Не успели допить до дна - в
кузов заглянул Вовик:
- Идемте, амиги, ко мне - кушать подано.
Симонов беспомощно и виновато взглянул на Аржанова - он улыбнулся
железными зубами и кивнул своей плешивой, умной головой: «Валяй, я покараулю...»
-
Договорились же у Аксентьева с Мокросовым, - сказал Симонов, спрыгнув через
задний борт на землю, и они пошли, разговаривая на ходу.
- Переиграли.
У Захарыча с Мокросовым блока коммуниста и беспартийного не получилось –
грызутся, - давал вводную Вовик. - Мокросов же законник - не пьет, не курит,
женщине предпочитает освобождение своею собственной рукой. Захарыч бабенку
завел, а Мокрос им не дает сношаться. И к тому же он обижен на весь белый свет:
его чинуши крепко кинули. Из Москвы ехал на должность инженера, а в Гаване ему
предложили подписать контракт на техника. И в нем взыграло ретивое: как так, в
Союзе я главный специалист, а здесь - техник! Ну, услыхал ответное предложение:
не согласен - мотай обратно в Сибирь! Сдался - поехал в Моа. А сейчас пишет
жалобы во все концы. Скорее всего, его должность кому-то продали - и кто теперь
захочет в этом говне копаться?.. А Захарыч со своей бабой крепко подзалетел. Но
пусть он тебе сам об этом расскажет.
Солнце стояло в зените и
лавиной своей ядерно-протуберанцевой энергии палило нещадно все, что находилось
на этом клочке планеты, - море, землю, дома, собак и кошек. А главное голову -
она у Симонова прямо докрасна раскалилась, пока они поднимались по бетонной
лестнице на террасу, где стояла бетонная четырехэтажка Вовика - почти такая же,
как в Моа, на два или три подъезда.
Квартира находилась на
последнем этаже, и прогретая светилом плоская крыша щедро делилась своим теплом
с нижерасположенной средой. Открытый балкон гостиной и распахнутая дверь на
кухонный балкон прохлады не добавляли. Порадовал только стол: он уже был
накрыт, и за ним светились родные и милые лица сибиряков - очкариков Аксентьева
и Якушева и добродушный обветренный океаническими штормовыми шквалами и
норильскими вьюгами грубоватый лик отставного матроса времен ВОВ и бывшего зэка
Краслага Лени Климухина.
За то, что Лене повезло
поплавать с американцами на ленд-лизовских кораблях по просторам Тихого океана
от порта Ванино до Аляски и обратно, его - в целях профилактики от тлетворного
империалистического влияния бывших союзников по борьбе с «коричневой чумой» -
красные чекисты отправили после войны на десятилетие в Норильск. Там он пяток
лет находился на положении расконвоированного зэка и занимал почетную должность
водолея - дежурил на водонапорной башне и заливал водой паровозы. Но с
должностью не справился: однажды, пригретый раскаленной «буржуйкой», уснул в
дежурке и прозевал момент, когда несознательная вода переполнила бак башни,
хлынула через верх и удивительно быстро замерзла на пятидесятиградусном морозе,
образовав наледь площадью с гектар. При этом сплошным льдом покрылась и сама
башня, превратившись в сказочно прекрасное произведение заполярного искусства.
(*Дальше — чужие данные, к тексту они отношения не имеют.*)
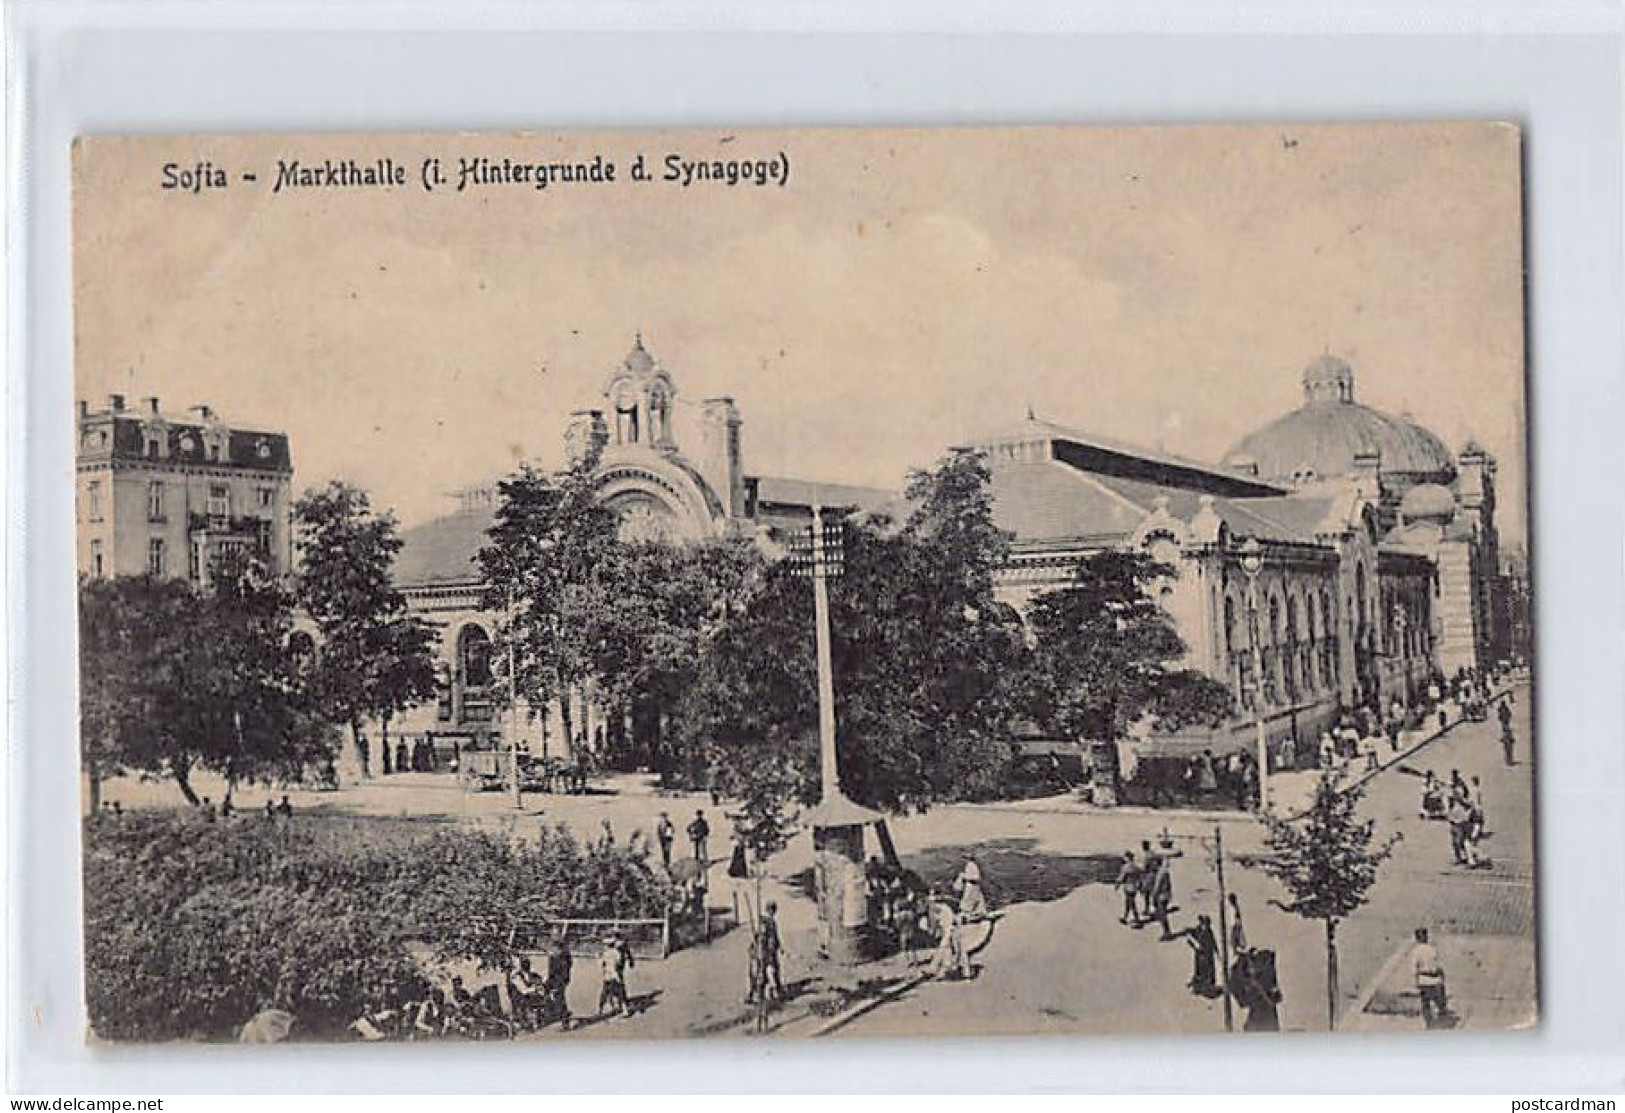 JUDAICA - Bulgaria - SOFIA - The Market Square With The Synagogue In The Background - Publ. Franz Ziegner 44 - Jewish

Однако это творение природы
и спящего гения почему-то пришлось не по нутру лагерному начальству, и Леню
прямо от тесной печурки, в которой вился каменноугольный огонь, отправили на
нары в студеный барак доходяг, копавших никелевую руду в кратере рудника
«Медвежка»... Правда, ему вскоре, года через три, крепко повезло. В марте 53-го
откинул ласты на своей даче Еська Сталин, и Климухина как человека образованного
отправили в одну из тогдашних «шарашек» - в Красноярское ОТБ - особое техническое
бюро, где трудились академики, доктора и катээны и просто инженеры. Они,
искупая свою вину, хором - на высоком патриотическом подъеме - проектировали
научно-техническую базу коммунизма.
Леня встал за кульман, чтобы
приблизить наш народ к заветному горизонту. Тем более, что он был не за горами.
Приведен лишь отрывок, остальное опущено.